The Warrior Walk for Healing Nations, a group of people travelling on foot from Whitehorse to Kamloops to honour the 215 children found in an unmarked grave at a former residential school.
The journey has not only been taxing physically, but also emotionally.
“I think the enormity of the impacts of residential schools has been heavy on our hearts,” walker and organizer Jacqueline Shorty said. “Thinking of all the things Indigenous Canadians have had to endure has been tough. It’s been hard, and it’s stretched us in every way possible, emotionally, mentally, spiritually and physically.”
Indigenous leaders from around Quesnel were on hand to greet the walkers, and provide them with much needed refueling with food and song.
Telegraph Creek resident Jamie Henyu came up with the idea to do the walk, partnering with the Northern Nations Alliance non-profit group.
“I wanted to honour the 215, so at first I decided to grow my hair, but it wasn’t good enough,” he said. “The Creator said ‘you’re gonna walk to Kamloops.’ I kind of hemmed and hawed about it, and it took me about five hours to make the decision to walk.”
During their over 1,900 km trip from Whitehorse to Quesnel, more unmarked graves at residential school across Canada have been discovered.

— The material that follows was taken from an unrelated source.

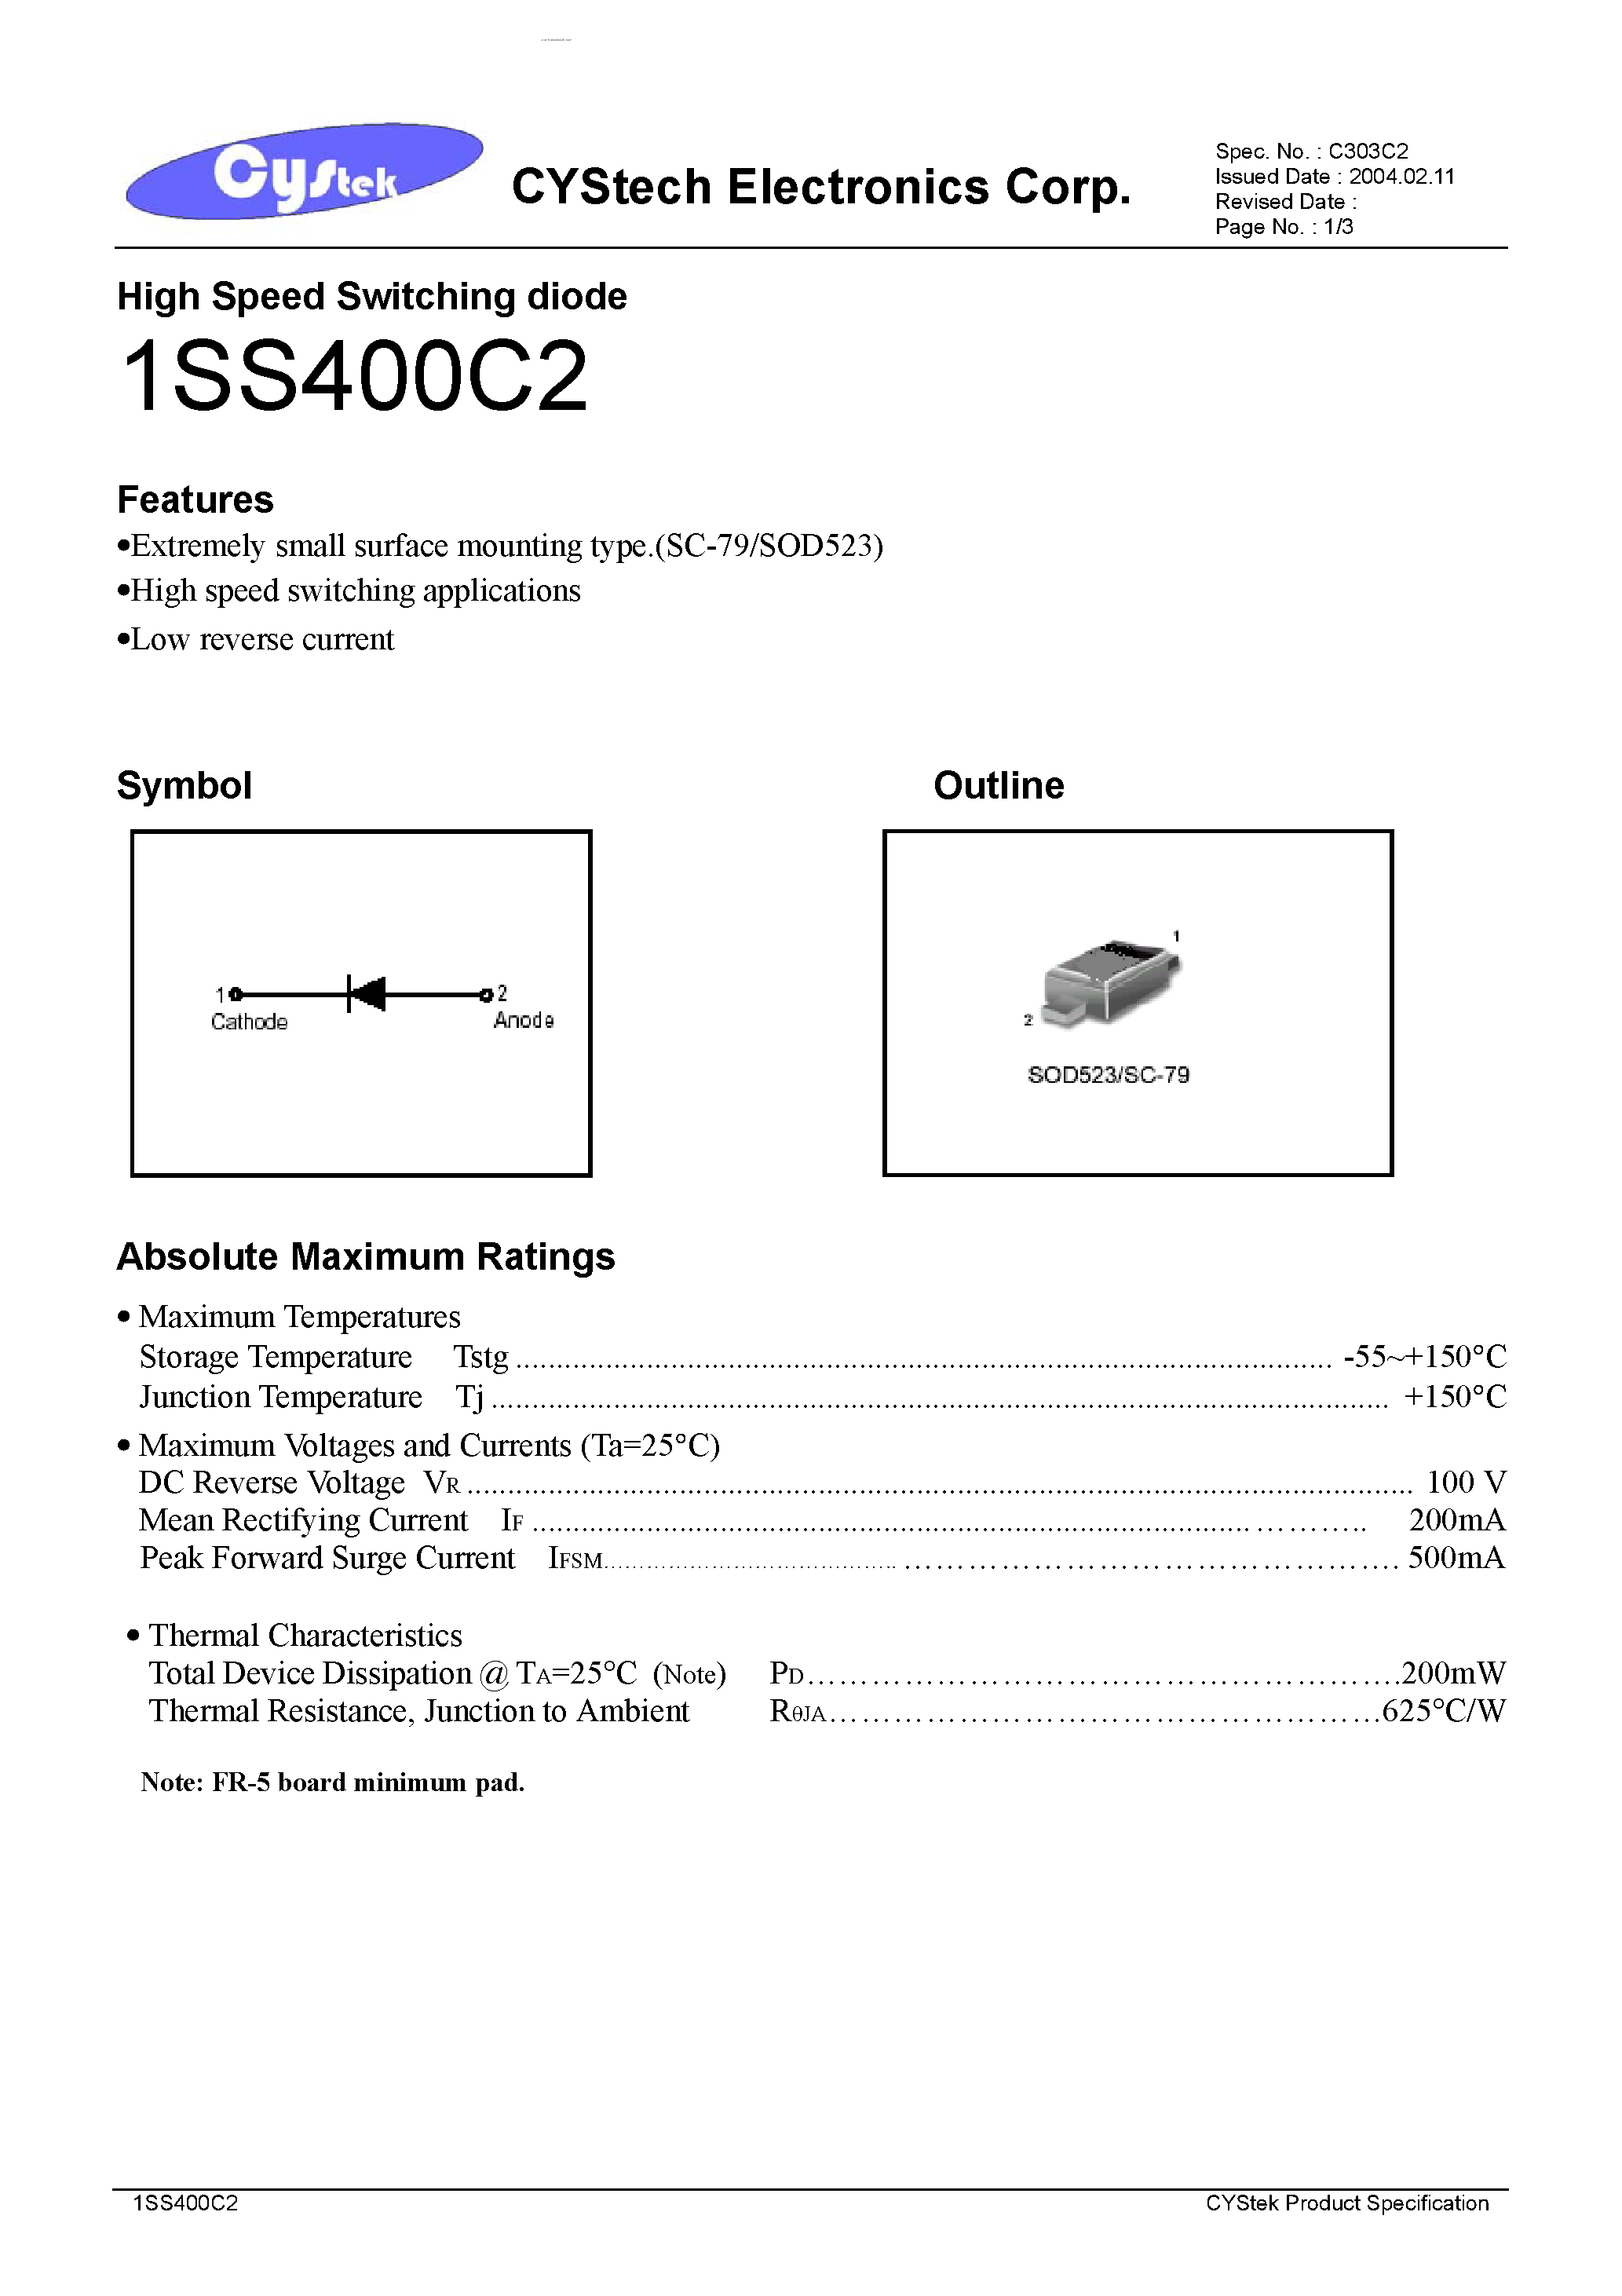 Datasheet 1SS400C2 - High Speed Switching diode page 1

“If there was any naivety about what it is, it’s gone,” Shorty said. “It’s like an awakening, a huge awakening to something that was heavier than we ever anticipated… As we’re getting ready to head into Kamloops the thing that is heavy on my mind is how do we share that story. Some of the things we’ve heard have been horrendous.”
The group has stopped at communities along the way, even witnesses the demolition of a former residential school. Shorty recalled hearing the story of a survivor who was forced out of bed in the middle of the night to dig the graves for a now-dead classmate.
Shorty called on all Canadians to face the truth of residential schools.
“That statistical number that goes over 2,000 that people intellectually hear and don’t attach to it emotionally — for a moment go into your heart and think of it as your own child,” she said.
Shorty said her mother, who was residential school survivor tried to shield her from the truth behind residential school abuses.
“She just wanted to save me from that pain,” she said. “Regardless of how much she shielded us, we’re seeing the truth now. We as Indigenous Canadians have always known this truth, we’ve been shielded by our parents from this, and now the truth is out.”
For Henyu, the final 400 km to Kamloops is a blessing, especially when connecting with communities along the way.
“It was the right thing to do, but I never expected any of this,” he said as Chad Stump played guitar to a cheering crowd. “This is just so amazing. It’s been like this every place we stopped… If I had to walk some more I would. It’s such a wonderful cause to walk for it’s hard to quit now. Before I started I never walked more than to my truck.”
The walkers hope to arrive in Kamloops on August 9.